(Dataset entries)

┄┄┄┄┄┄┄┄┄┄

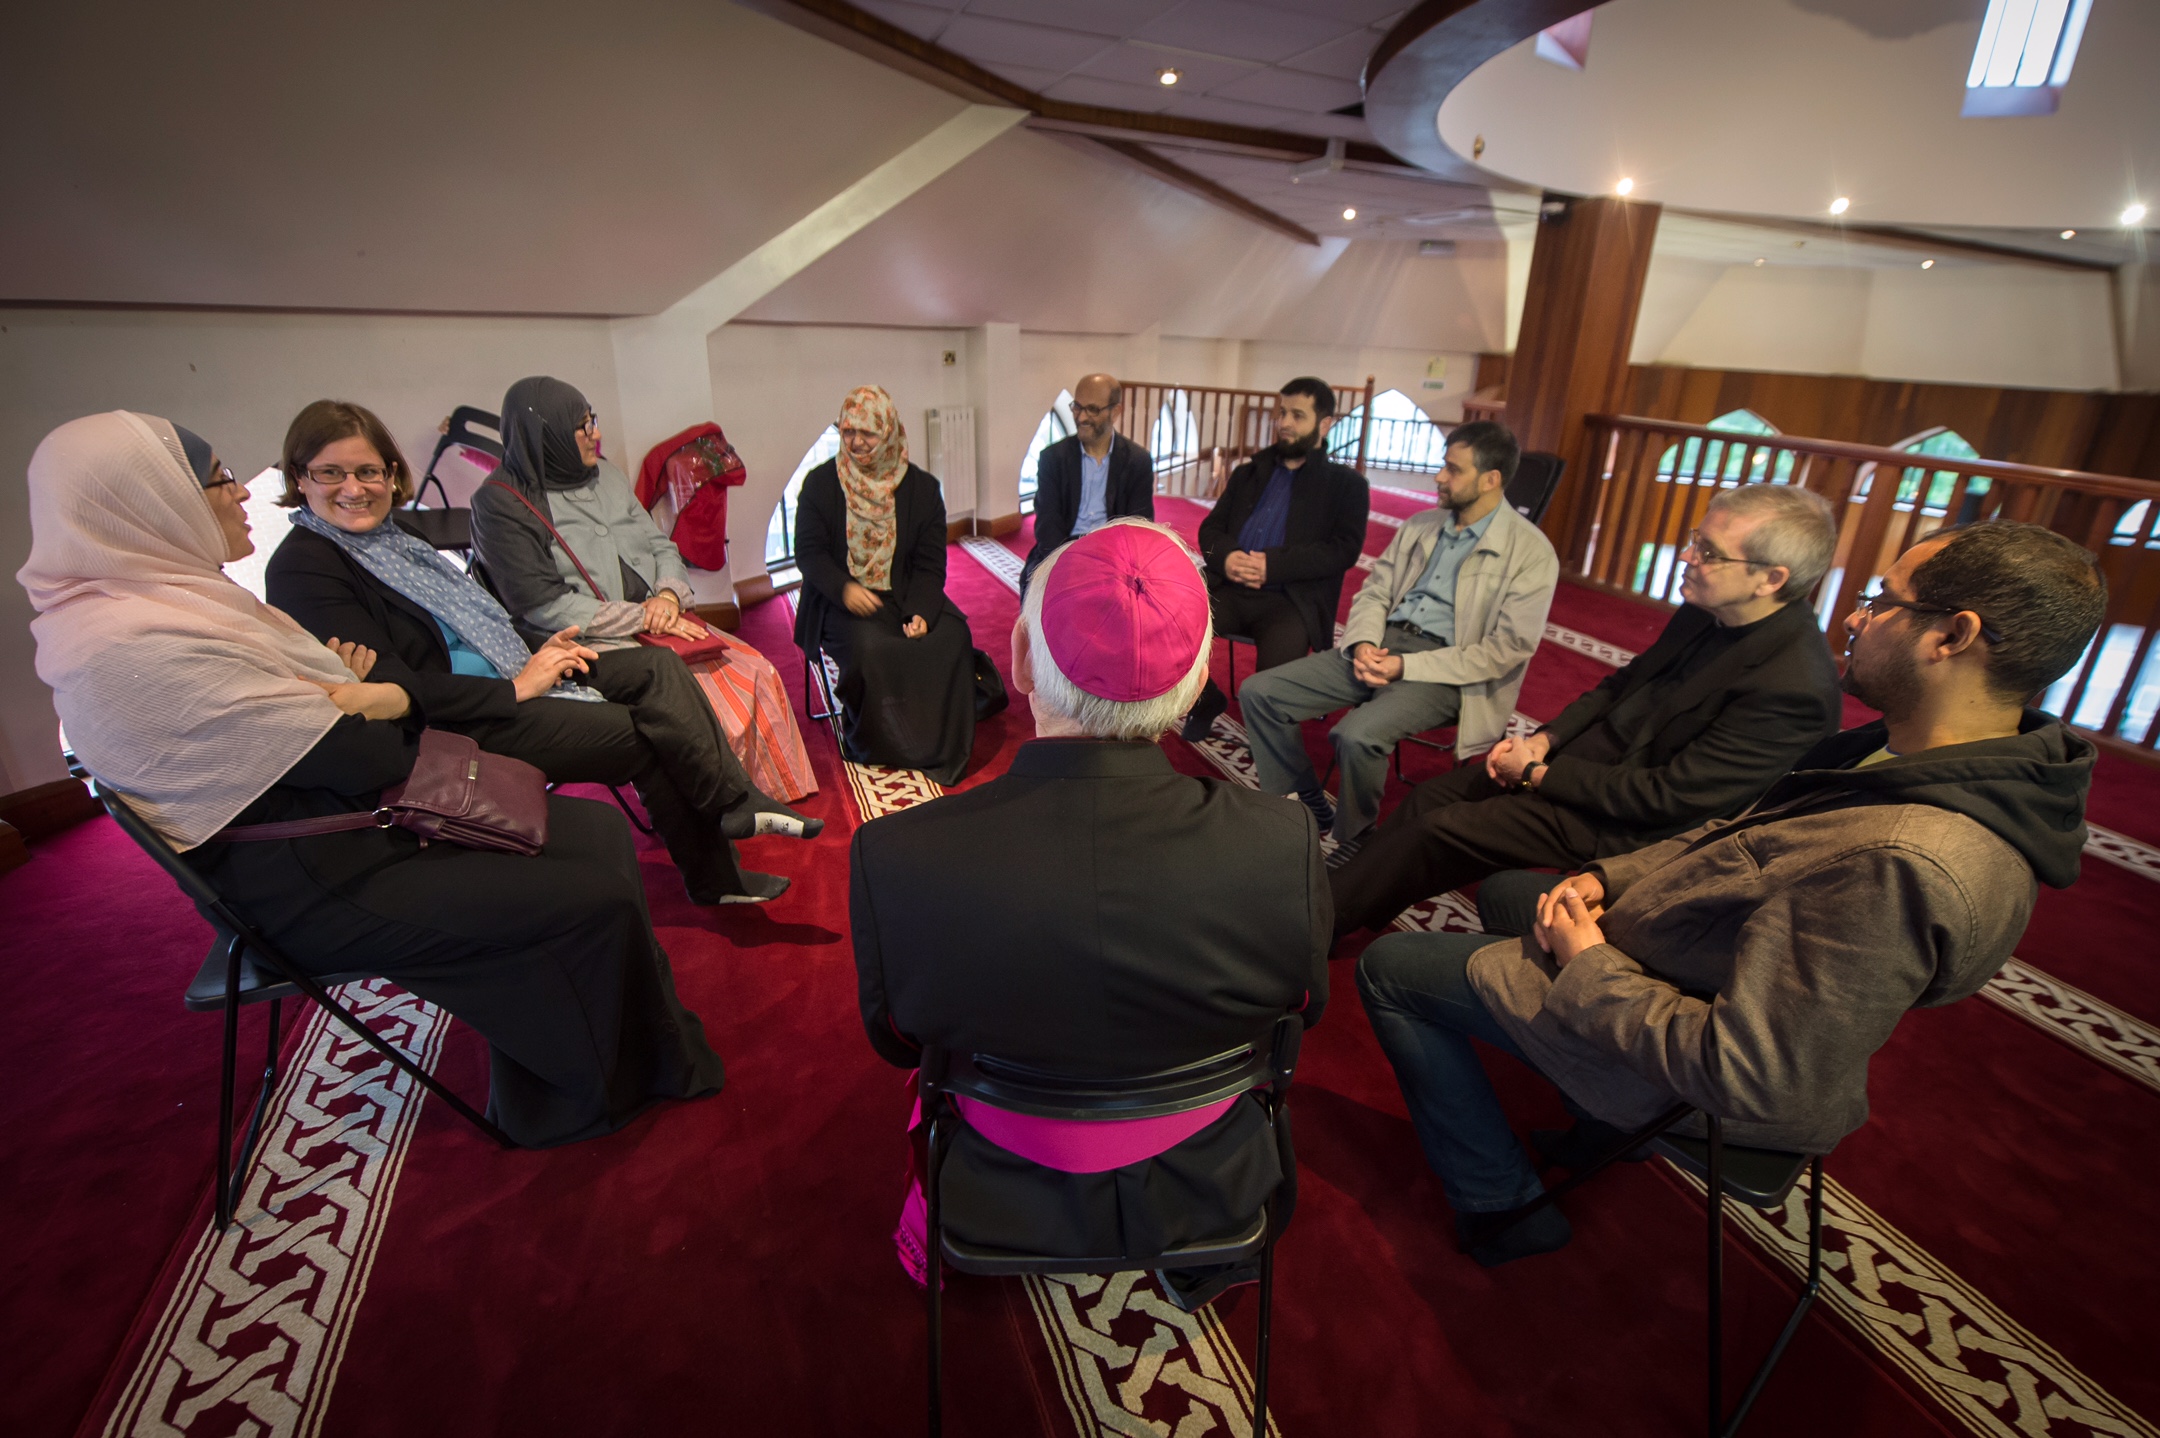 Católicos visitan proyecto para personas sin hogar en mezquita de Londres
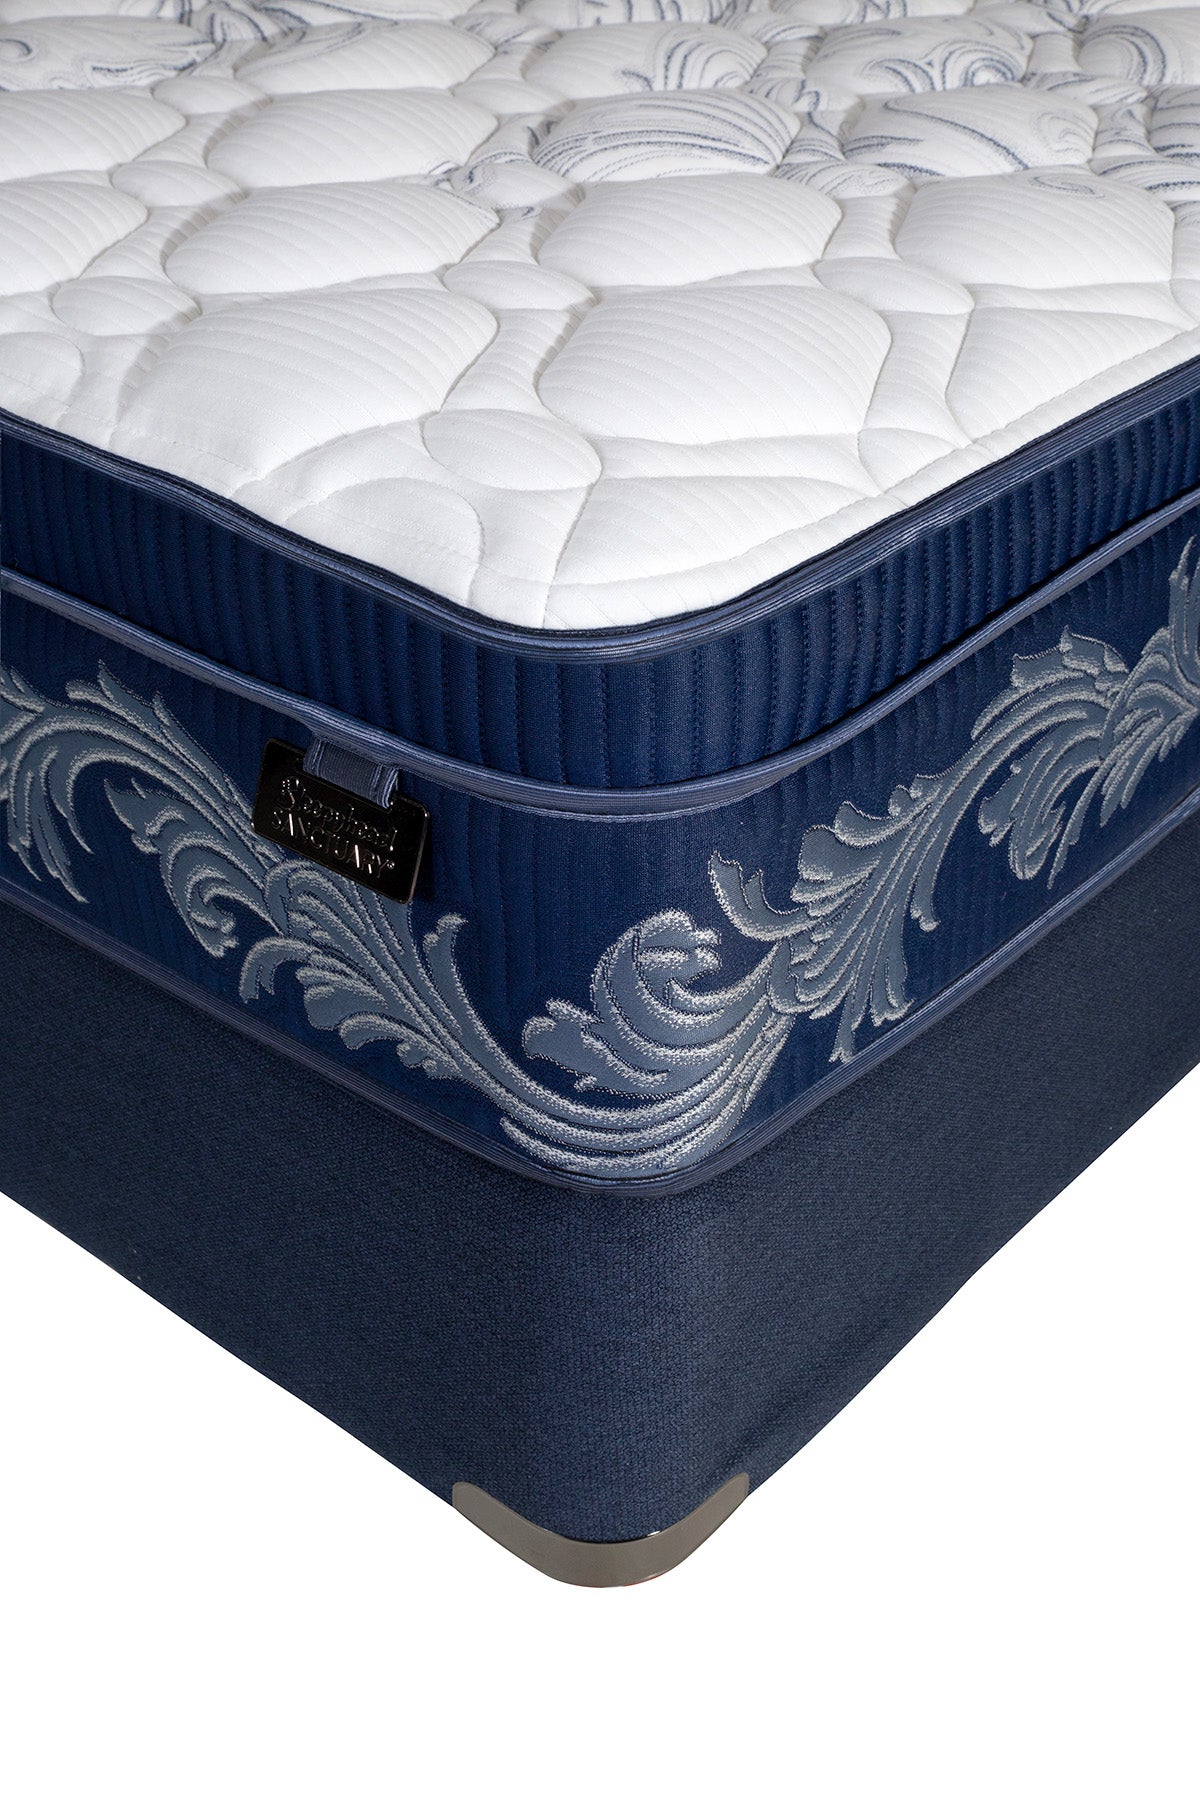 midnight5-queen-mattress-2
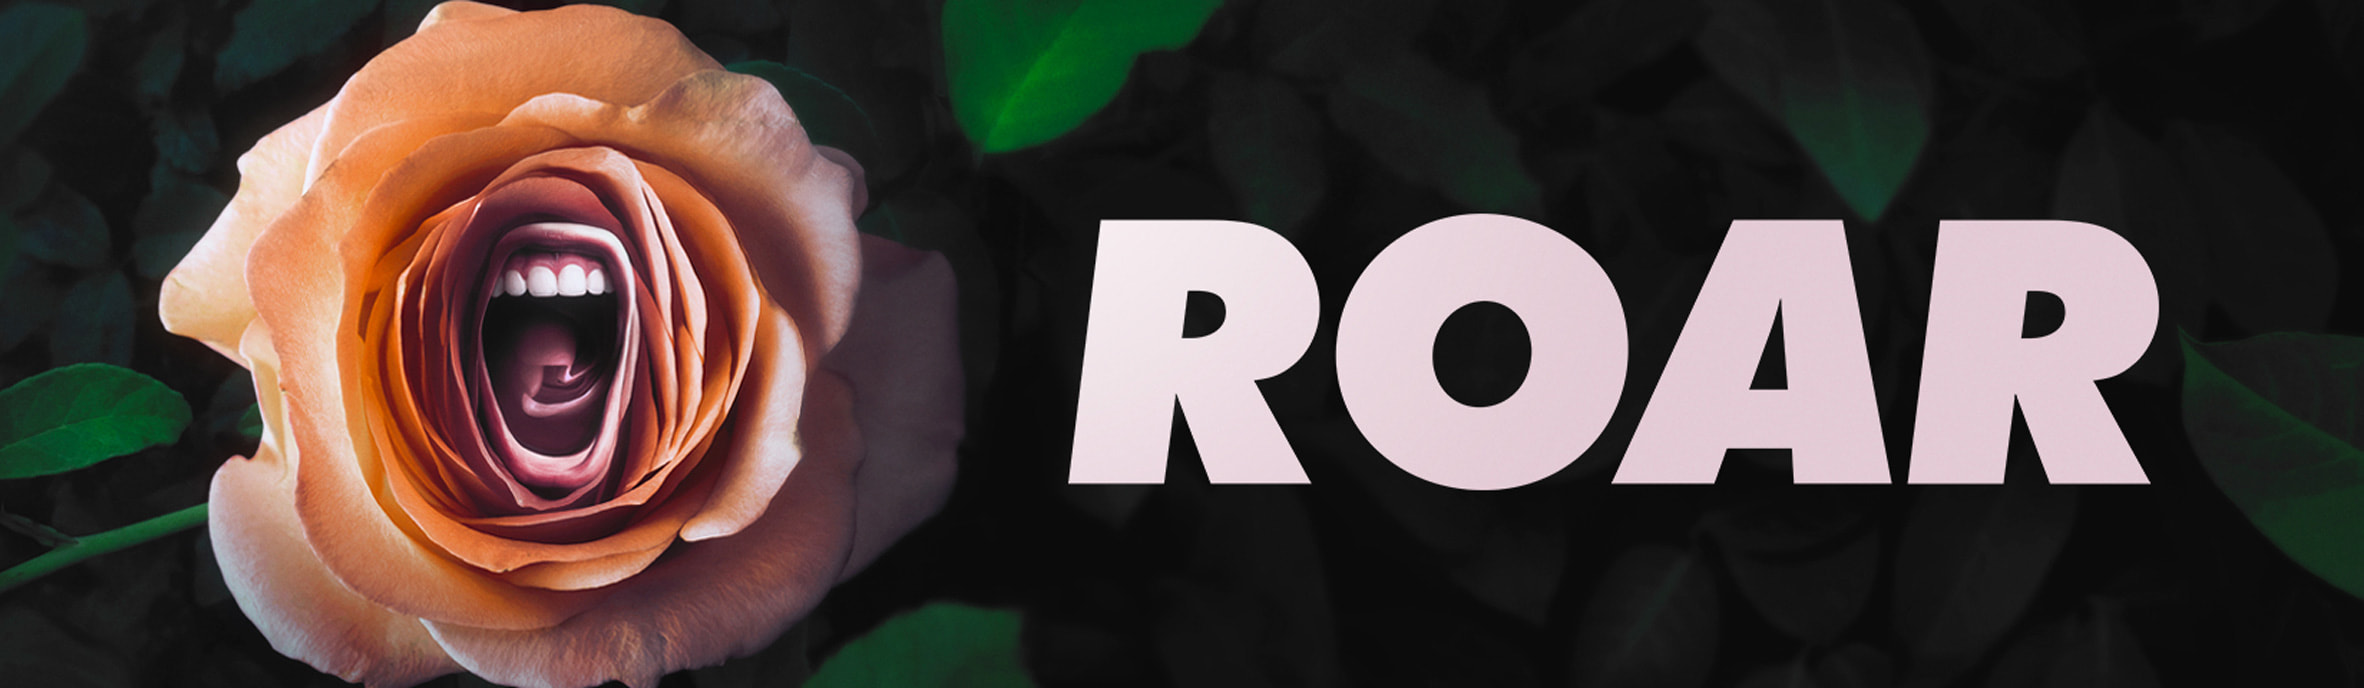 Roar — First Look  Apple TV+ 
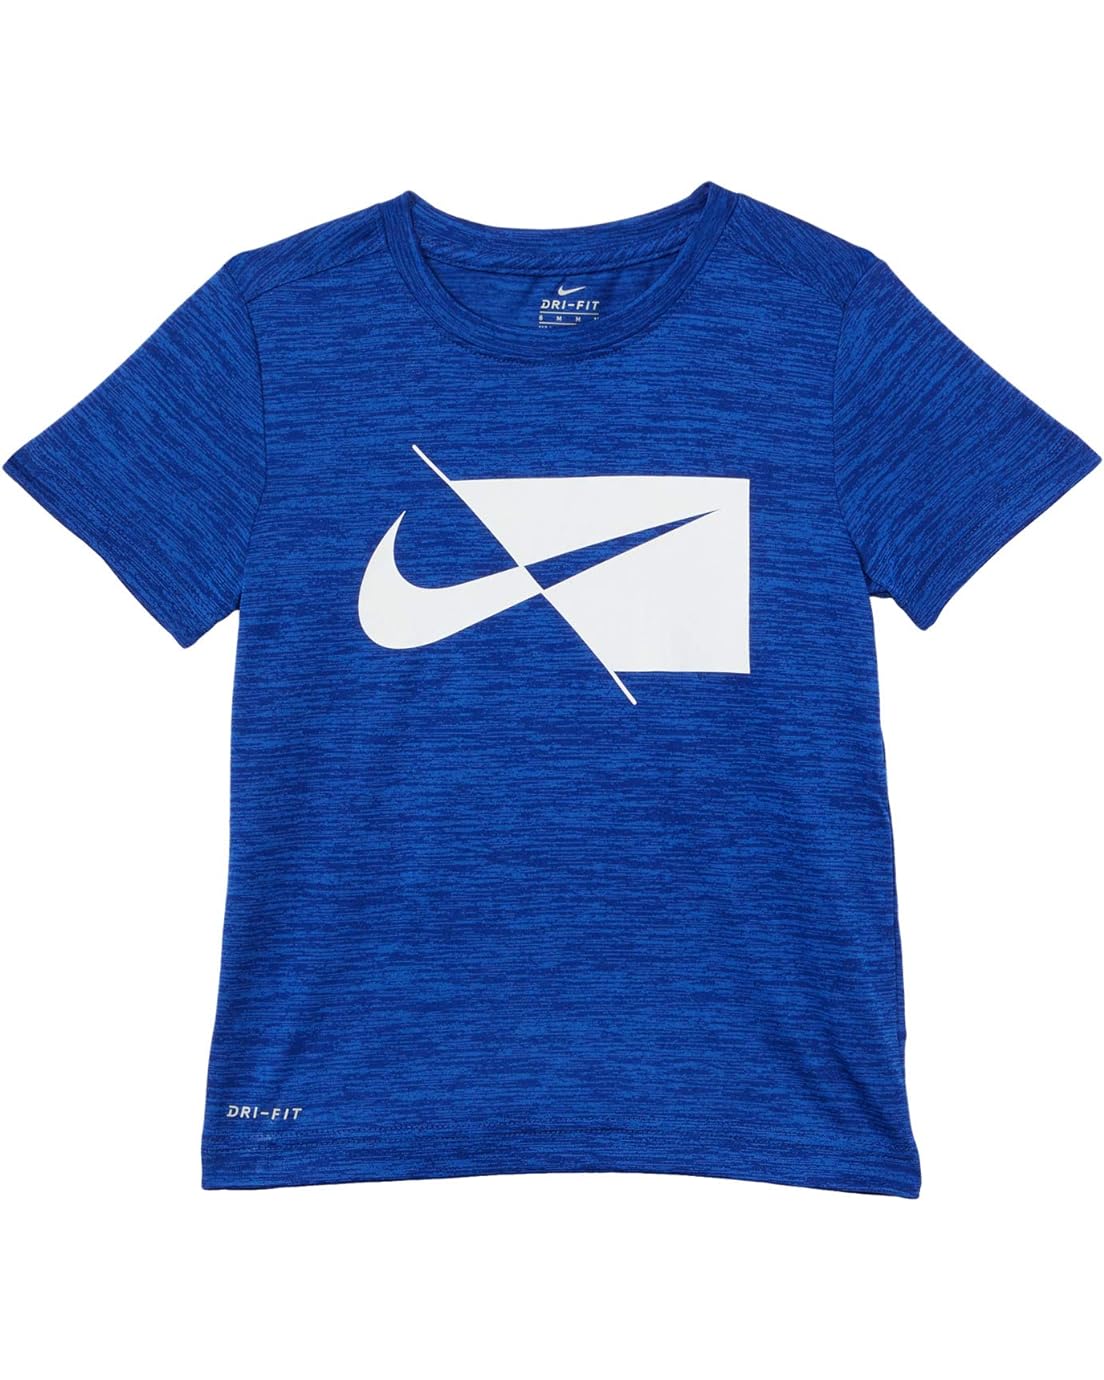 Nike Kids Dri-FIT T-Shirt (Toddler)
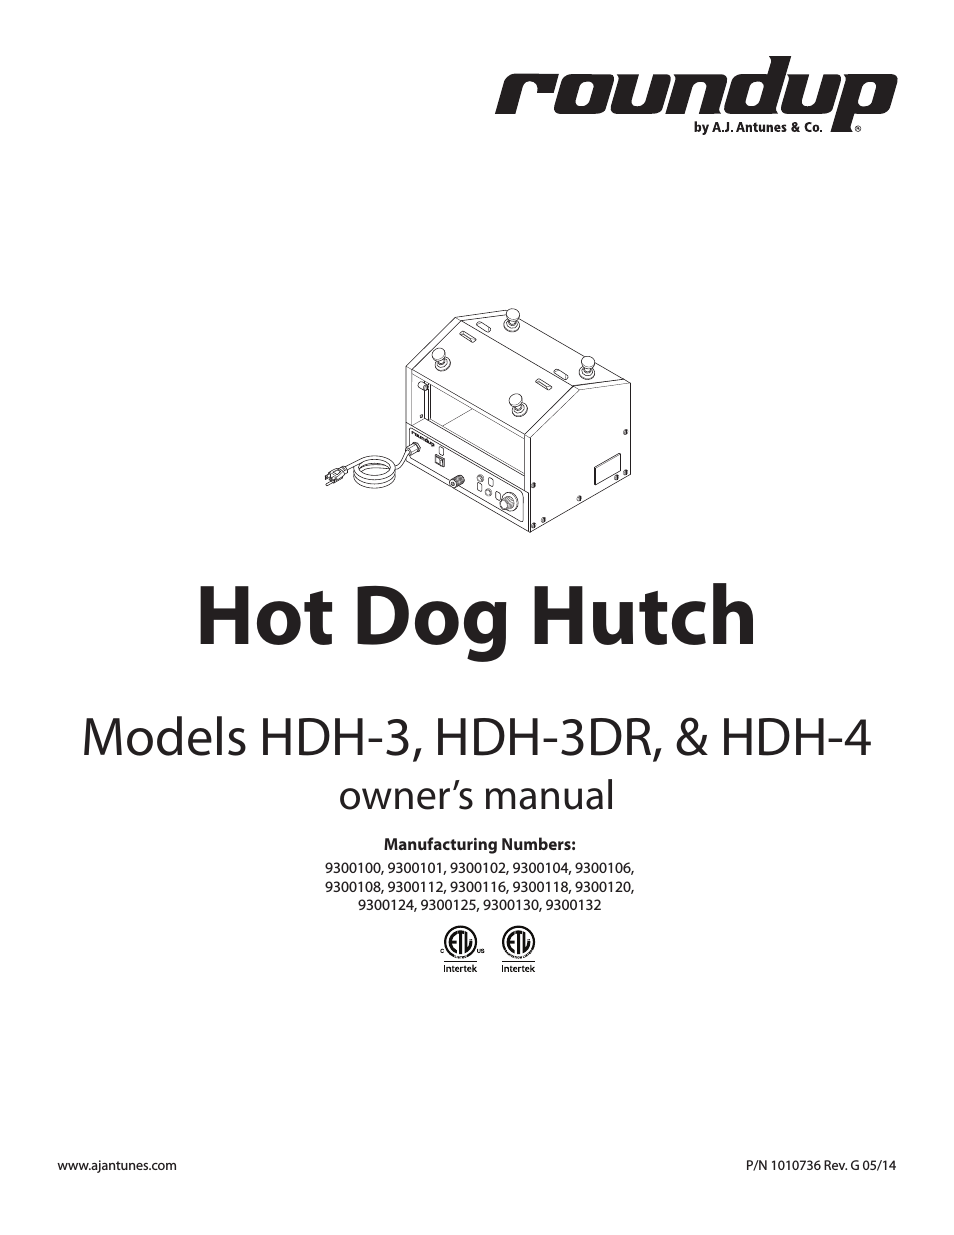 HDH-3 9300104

┄┄┄┄┄┄┄┄┄┄

• WHAT THE TASK REQUIRES: Give again exactly the lines from the one holding "midnight5-queen-mattress-2" to the final line of the records, both ends included; any pictures stay out.

• ANSWER:
 midnight5-queen-mattress-2
 Roar — First Look  Apple TV+ 
 Nike Kids Dri-FIT T-Shirt (Toddler)
 HDH-3 9300104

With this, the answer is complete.